This article is licensed under the GNU Free Documentation License. It uses material from the Wikipedia.

Micrograph showing decidualization of the endometrium (as also seen in pregnancy) due to (exogenous) progesterone. H&E stain.

Hormonal contraception

refers to birth control methods that act on the hormonal system.

Currently, all hormonal contraceptives are designed for use by women rather than men, though research on a male hormonal contraceptive (“the male Pill”) has been underway for some time.

Hormonal contraceptives may be introduced into the woman’s body in many different ways, among them orally, vaginally, transdermally, or through injections or implants.

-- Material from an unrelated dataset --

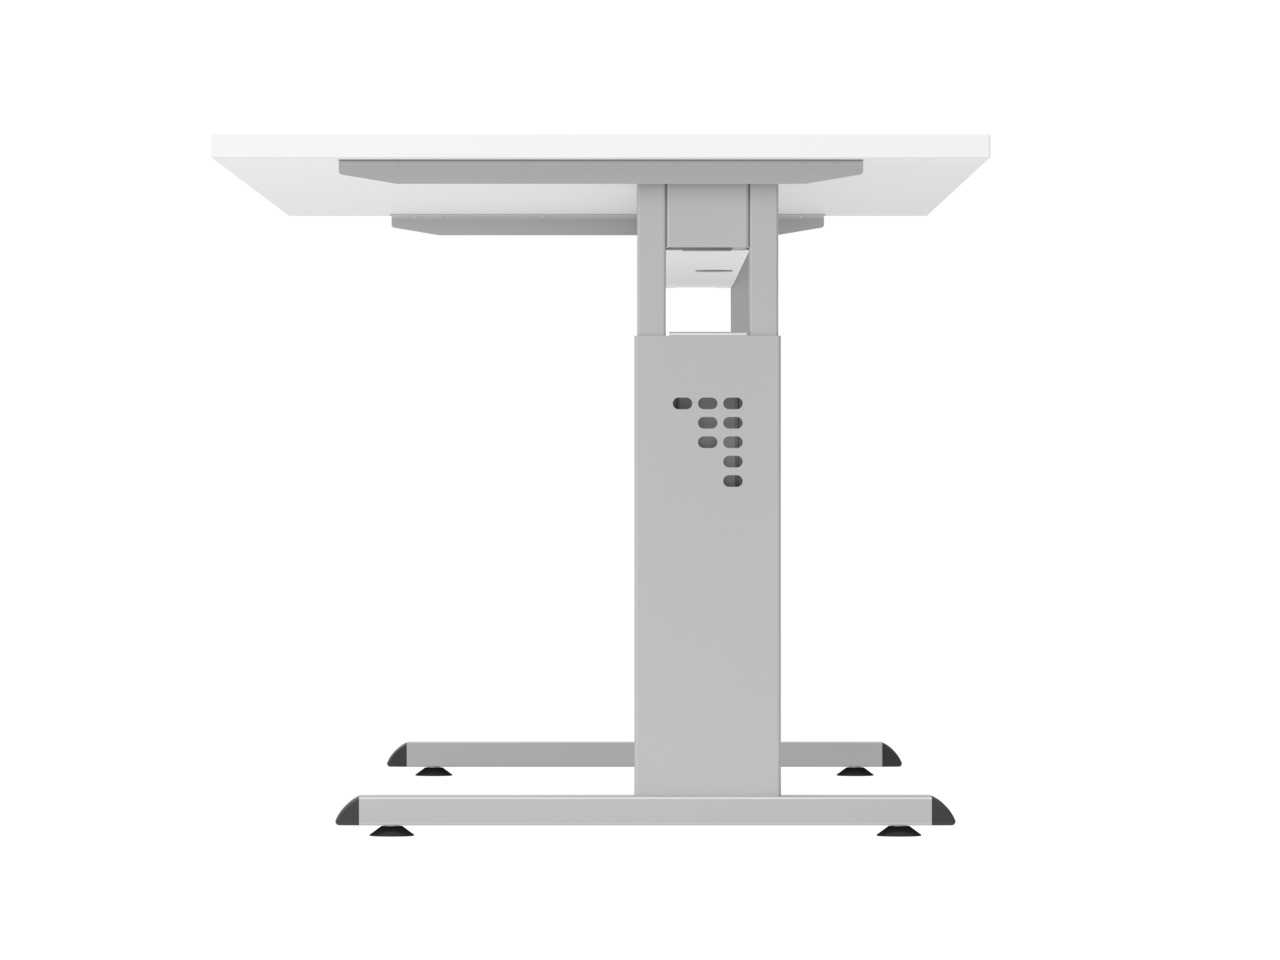 Sitz-Steh-Schreibtisch Juhani | Ahorn | Breite 120cm | Höhe 65-85cm | stufenlos höhenverstellbar | Rechteckform

The oral method was the first and most famous of these; within a few years of its introduction in 1960, "the Pill" became one of the most popular contraceptives in the United States and elsewhere, and it remains so today.

Hormonal contraception may act in one or more ways to prevent pregnancy. It may cause ovulation to cease, preventing the possibility of fertilization; it may thicken the woman’s cervical mucus, making penetration of the uterus by sperm more difficult; or it may alter and thin the endometrium so that a fertilized egg has difficulty implanting. (Technically, if the drug works in this third fashion, it acts as a contragestive rather than a contraceptive, since it has not prevented conception, acting instead to prevent gestation.)

Advantages

• If used properly, hormonal contraceptives are highly effective; except for abstinence, vasectomy, and tubal ligation, no other method of birth control has as great a degree of effectiveness.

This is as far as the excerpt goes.